Date: 09/18/2002 at 18:54:51
From: Julie
Subject: Two children's invented strategies for subtraction

I need some help understanding two students' ways of understanding 
math.  

Here is how "Brent" solved for 82-35:
First he subtracted 2 from 82 and then 5 from 35, so he could take 
80-30 = 50. Then he subtracted 5 from 2 and got 3. Then he took 3 from 
50 to get 47.

Here is how "Katie" solved for 72-47:
She took 2 away from both numbers and got the problem 70-45 to make 
an easier problem, the answer being 70-40 = 30, and taking 5 away to 
get 25, so the answer was 72-46 is the same, 25.

How could I explain to these students to subtract, for example, 63-25 
and 123-67?

What do both of these students understand about subtraction to help 
them invent this unique solution strategy?

I know this is a confusing question, but I just need some sort of 
explanation or meaning. Thank you very much!
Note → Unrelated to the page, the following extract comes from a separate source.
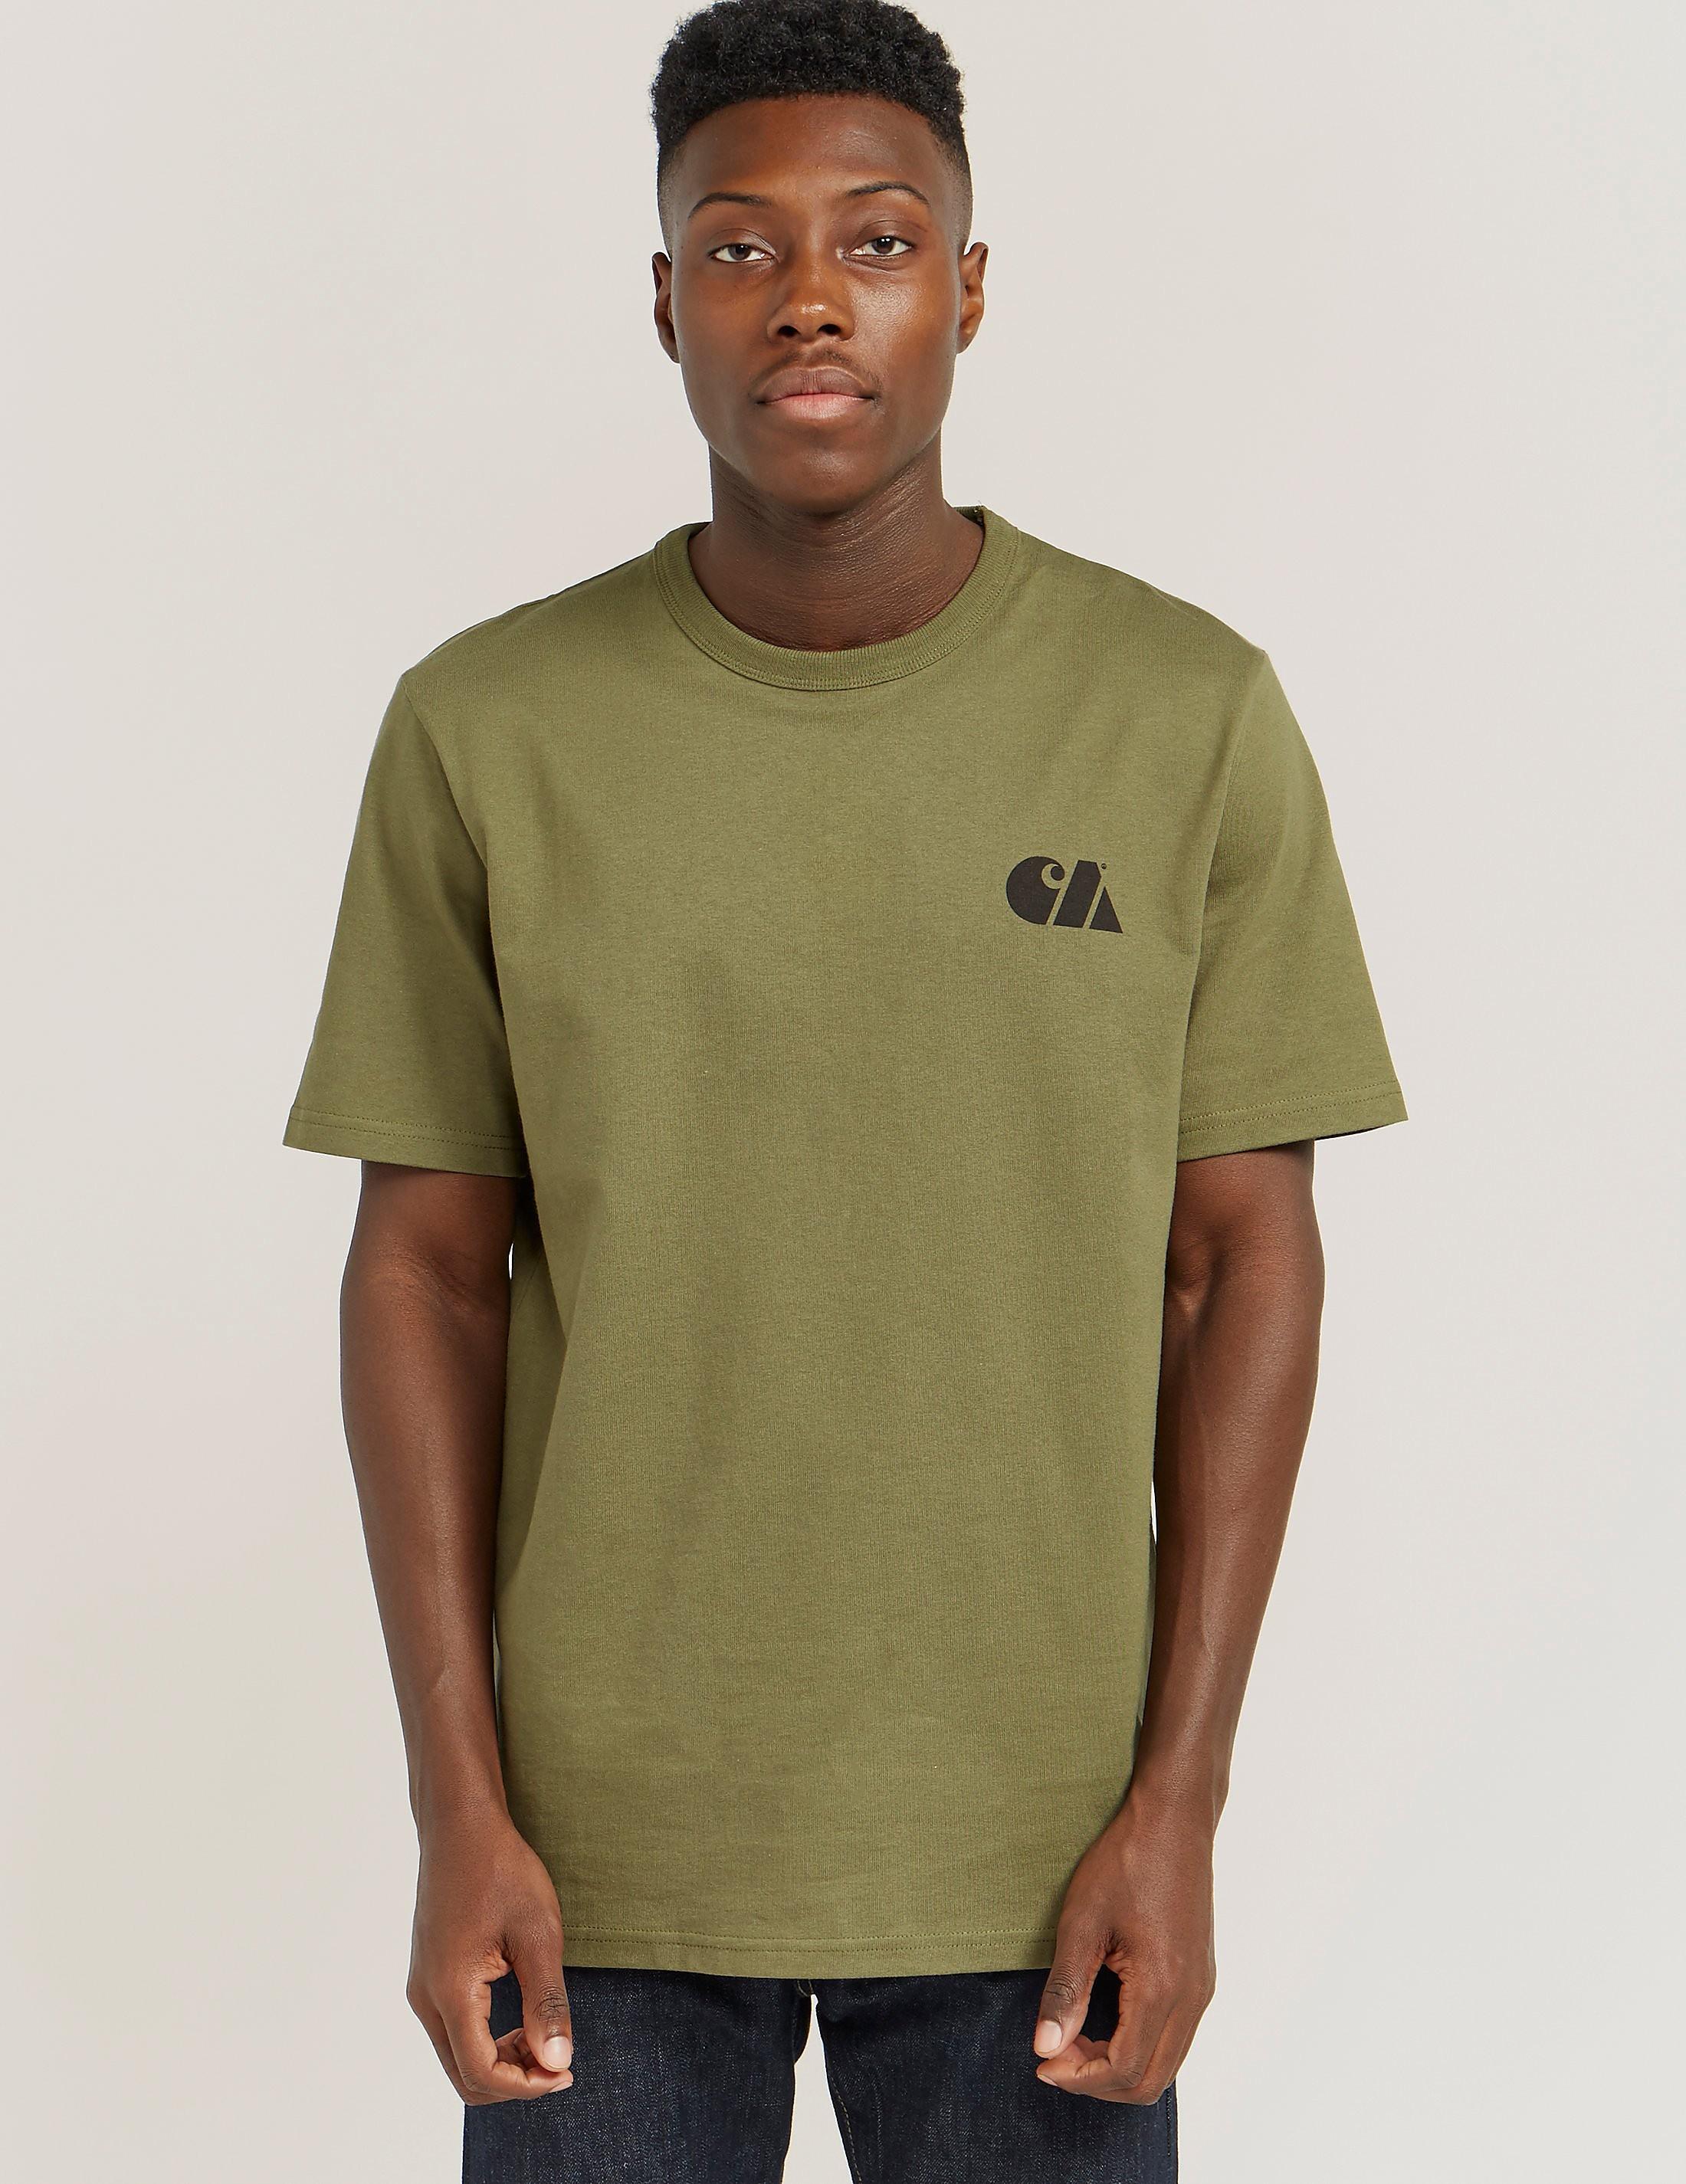 Carhartt WIP Military Short Sleeve T-Shirt

Date: 09/18/2002 at 23:16:37
From: Doctor Peterson
Subject: Re: Two children's invented strategies for subtraction

Hi, Julie.

I'm not quite sure what the question is - are you supposed to explain 
to them how to use their own methods to do the two new problems, or 
how to do it "right"??

The first method, algebraically, looks like this:

    82 - 35 = (80 + 2) - (30 + 5)

            = (80 - 30) - (5 - 2)

            = 50 - 3

            = 47

On a number line, it is

                      30   35                 80  82
    +------------------+---+-------------------+--+---
                           |<-------------------->|
                       |<--------------------->|
                       |<->|                   |<>|

"Brent" moves both numbers down to the nearest multiples of ten, then 
finds that one was moved 3 more than the other. Since it is the lower 
number that moved farther, the move increased the difference by 3, 
and we have to subtract 3 from 50 to get the answer. I can't tell you 
just how he is thinking, since he could be using algebra as far as I 
can tell, or may be picturing a number line or counters. But he 
clearly has a good grasp of numbers!

"Katie"'s method is a little more conventional:

    72 - 47 = (72 + 2) - (45 + 2)

            = 70 - 45

            = 70 - (40 + 5)

            = 70 - 40 - 5

            = (70 - 40) - 5

            = 30 - 5

            = 25

The first part uses the fact that if you add or subtract the same 
amount to/from two numbers, the difference is unchanged; on a number 
line this means sliding them the same amount:

    0                       45 47          70 72
    +------------------------+-+------------+-+
                               |<------------>|
                             |<------------>|

The rest is just subtracting one digit at a time, starting at the 
left, that is, first subtracting the 40 and then the 5.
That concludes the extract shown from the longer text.